16:16 <aaronpk> That works most of the time, but in my case it would actually fail.

16:16 <tantek> would that make for a simple 1 server with 1 IP workable solution?

16:17 <aaronpk> My server has three external IP addresses so its default gateway is not aaronparecki.com's IP

16:17 <aaronpk> but it would work if the server has only one external IP

16:17 <aaronpk> it would also be insecure if there were multiple domains on the same IP

16:18 <tantek> well, spoofable in those situations

16:18 <tantek> which is common in shared hosting setups

16:19 <aaronpk> right

16:20 <tantek> (I have that myself)

16:20 <tantek> do your 3 outbound addresses have unique subdomains?

16:21 <aaronpk> they are unique domains, not just subdomains

16:22 <aaronpk> email solves this problem by delegating via MX records, and uses SPF to create a whitelist of other servers that are allowed to send mail on that domain's behalf

16:22 <tantek> I feel like rel-me could help here

16:25 <aaronpk> can you elaborate?

16:27 <tantek> The problem here is trusting domains on behalf of other domains

16:27 <tantek> solving this would also solve a store-and-forward scenario.

16:27 <tantek> where you could pass a message to another server if the intended server was temporarily down, and have some agreement/policy on retry or drop within 24 hours or something

16:27 <aaronpk> isn't the problem being able to prove you are who you say you are?

16:28 <tantek> two problems

16:28 <tantek> 1) with 1 shared IP across multiple untrusted domains, avoid message falsification

16:29 <tantek> 2) with a domain that uses multiple IPs to send (each of which have their own domains) having a way to say, you can trust domain A on behalf of domain B

16:29 <tantek> 2) might be solvable with rel-me

16:29 <tantek> 1) is more challenging

16:30 <aaronpk> I feel like email has already solved #2 as well as store-and-forward

16:30 <aaronpk> there are also some decent solutions to #1 with email, but it quickly gets complicated to implement

16:32 <tantek> I think email got overly complicated because of the users at domains problem

16:32 <tantek> and it's obviously subject to spam

16:32 <tantek> so part of the goal here is to make it so that the protocol makes it too expensive to be worth being a spammer

16:32 <tantek> with from-domain verification

16:36 <aaronpk> brennannovak: https://github.com/aaronpk/IndieWeb-Messaging

17:32 <aaronpk> alright! We got it talking between aaronparecki.com and brennanovak.com now!

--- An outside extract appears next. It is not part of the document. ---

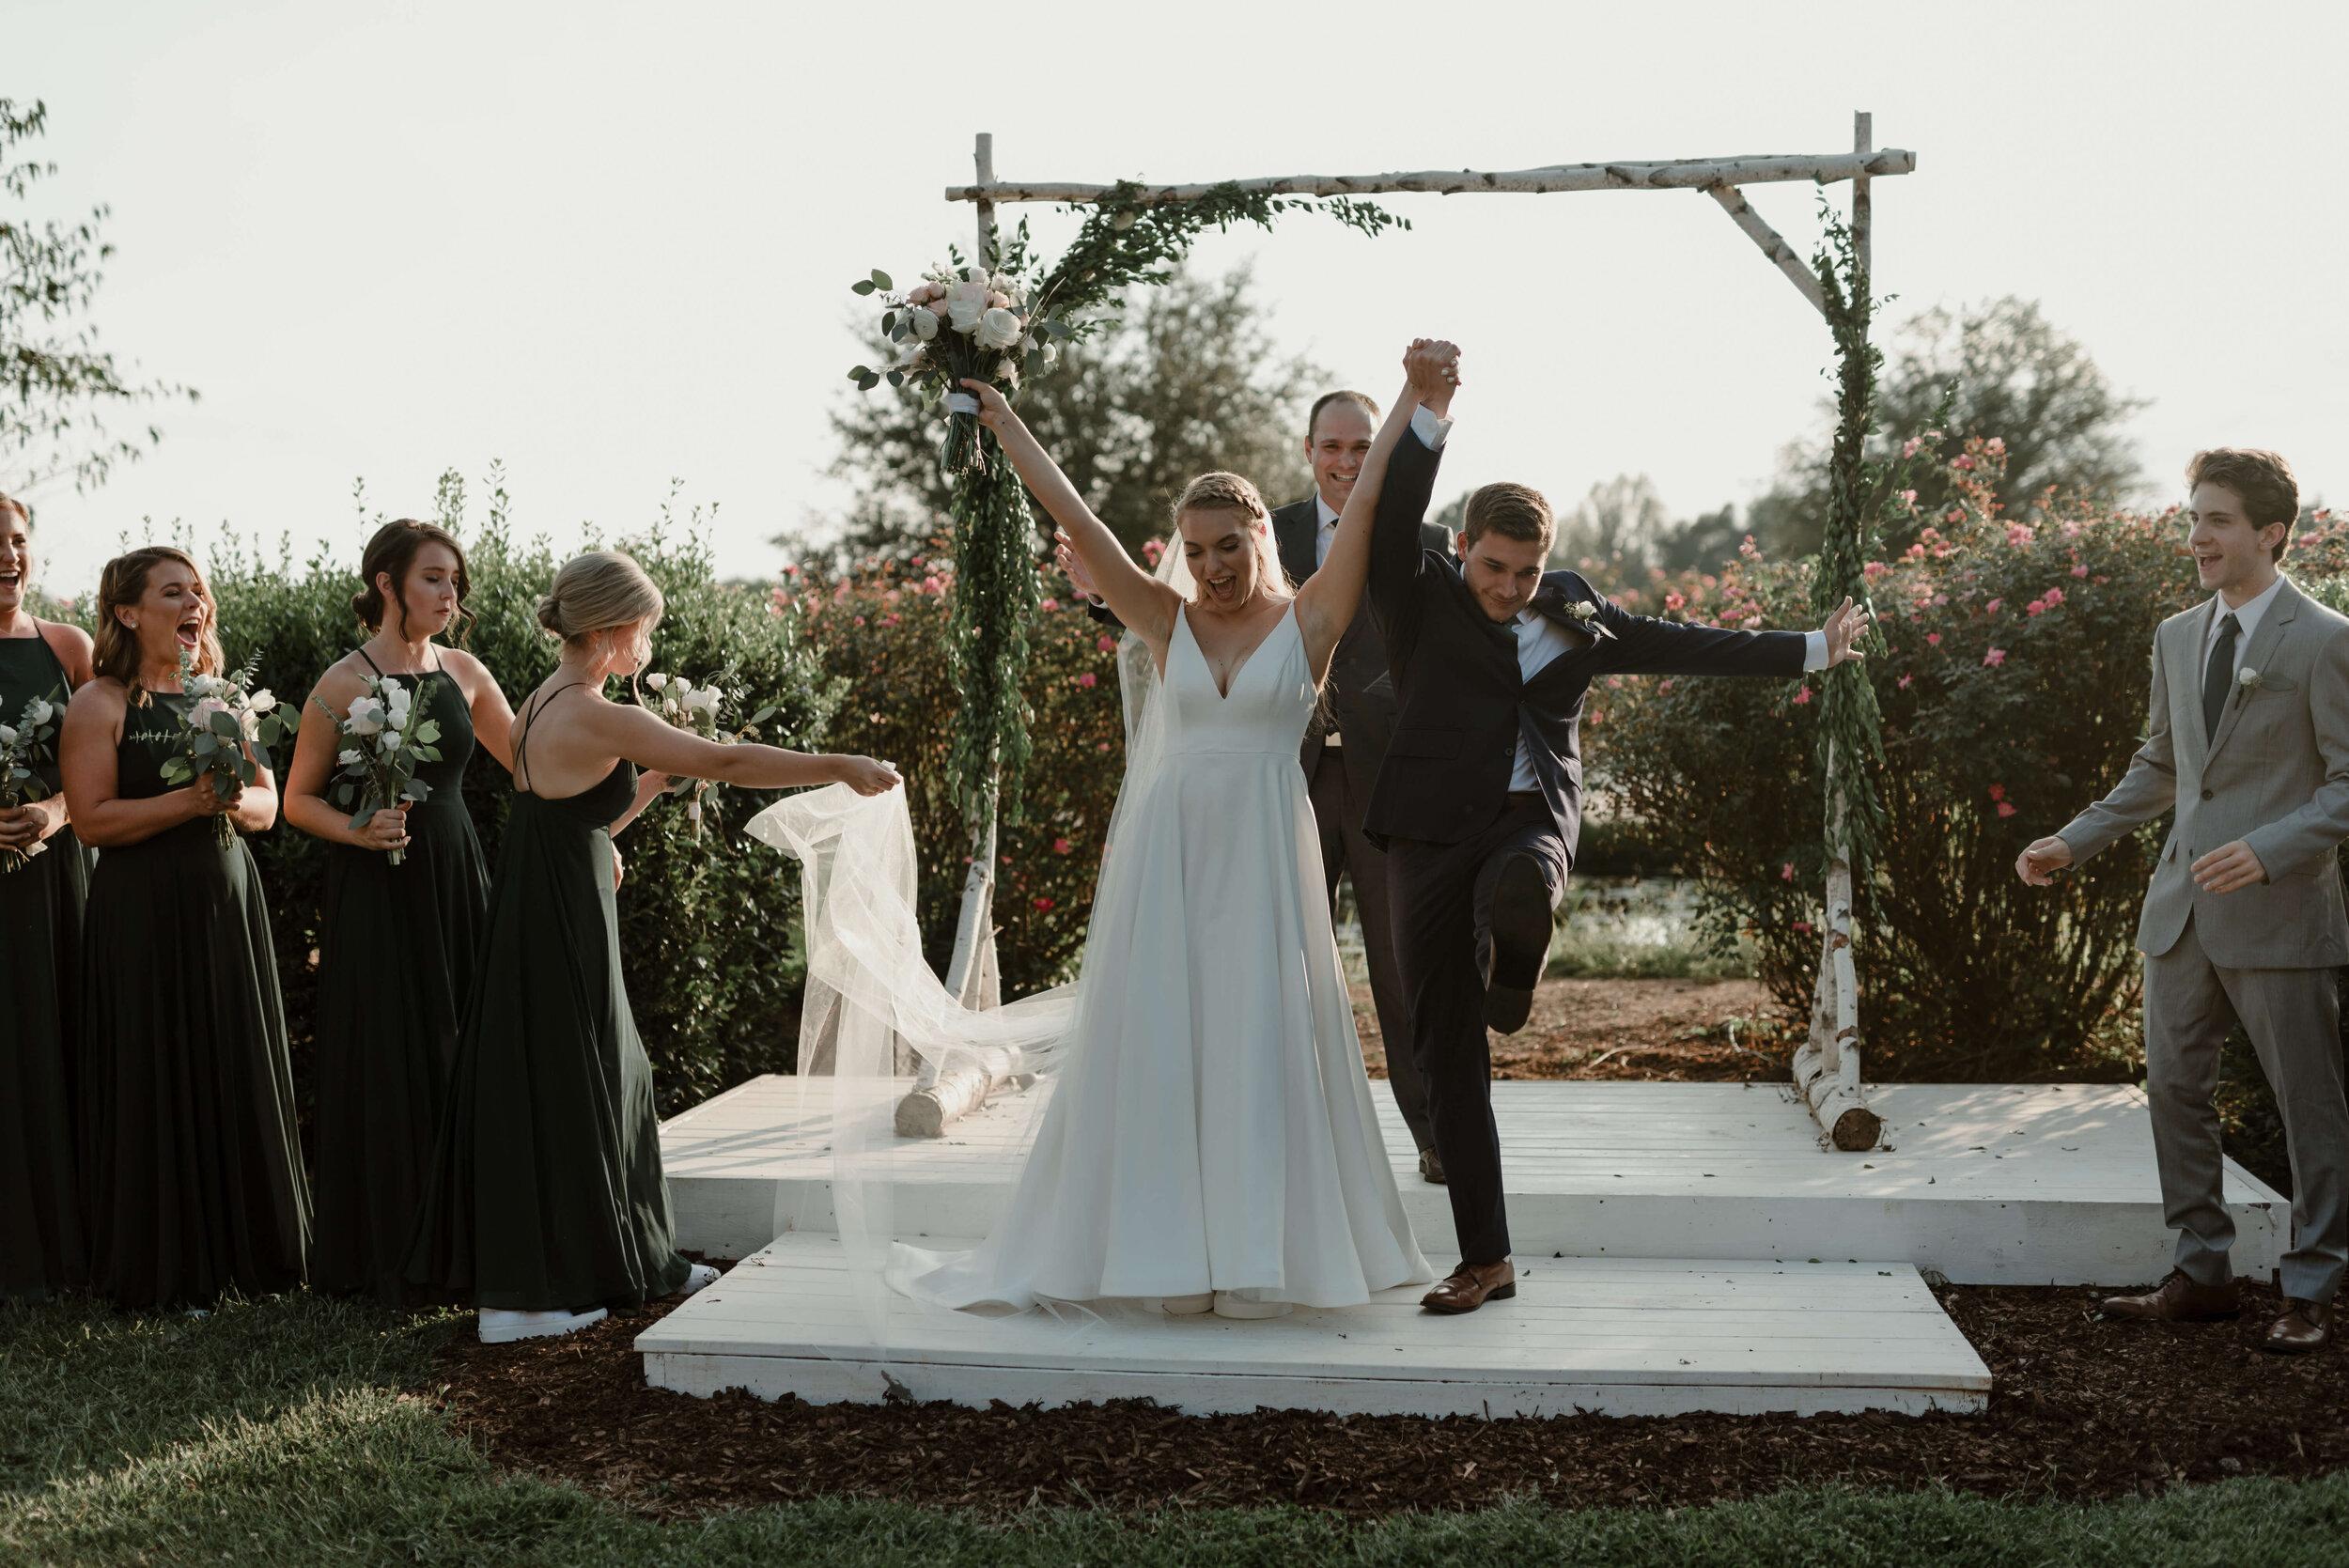 RALEIGH_WEDDING_GABBY_AND_SMITTYDSC_7741.jpg

17:32 <aaronpk> brennannovak.com*

17:35 <brennannovak> w00t!!!!!!

17:39 <tantek> congrats aaronpk and brennannovak!

18:37 <tantek> aaronpk - sounds like you should add that Indieweb-messaging github to http://indiewebcamp.com/Projects :)

18:38 <tantek> so here's the question re: indieweb-messaging prove you are who you say you are -

18:38 <tantek> can OAuth 2.0 solve this problem for us?

20:34 <Loqi> [[Special:Log/upload]] overwrite * Aaronpk * uploaded a new version of "[[File:aaronpk.jpg]]"

21:53 <aaronpk> good evening tantek!

21:53 <tantek> good evening!

21:53 <aaronpk> I talked about this protocol with Kyle and Brian this evening a bit

21:54 <aaronpk> We were thinking about other ways to handle identification

21:55 <aaronpk> but didn't come up with anything really compelling

21:56 <aaronpk> OAuth 2 doesn't really help, since OAuth is more about granting access to an existing account, and there are always three parties involved

21:57 <aaronpk> proving who you say you are will ultimately always require contact with the person in question, so it becomes either 1) ask if they sent the message, or 2) use their public key to verify the signature of the message

21:57 <aaronpk> that was our conclusion

22:37 <aaronpk> alright got a writeup http://aaronparecki.com/IndieWeb_Messaging

22:38 <aaronpk> brennannovak: ^^

22:39 <tantek> 1 sec bbiab

23:22 <tantek> oops

23:24 <aaronpk> cool well I'm pretty happy with the writeup and the live demo!

23:24 <aaronpk> not bad for a half day of hacking

23:25 <tantek> seriously - nicely done

23:26 <aaronpk> thanks!

23:27 <aaronpk> the post is supposed to be not overwhelming, so the reader might feel like they could implement it on their own site relatively easily, and not necessarily using the code I wrote

23:31 <brennannovak> very nice writeup aaronpk: great job!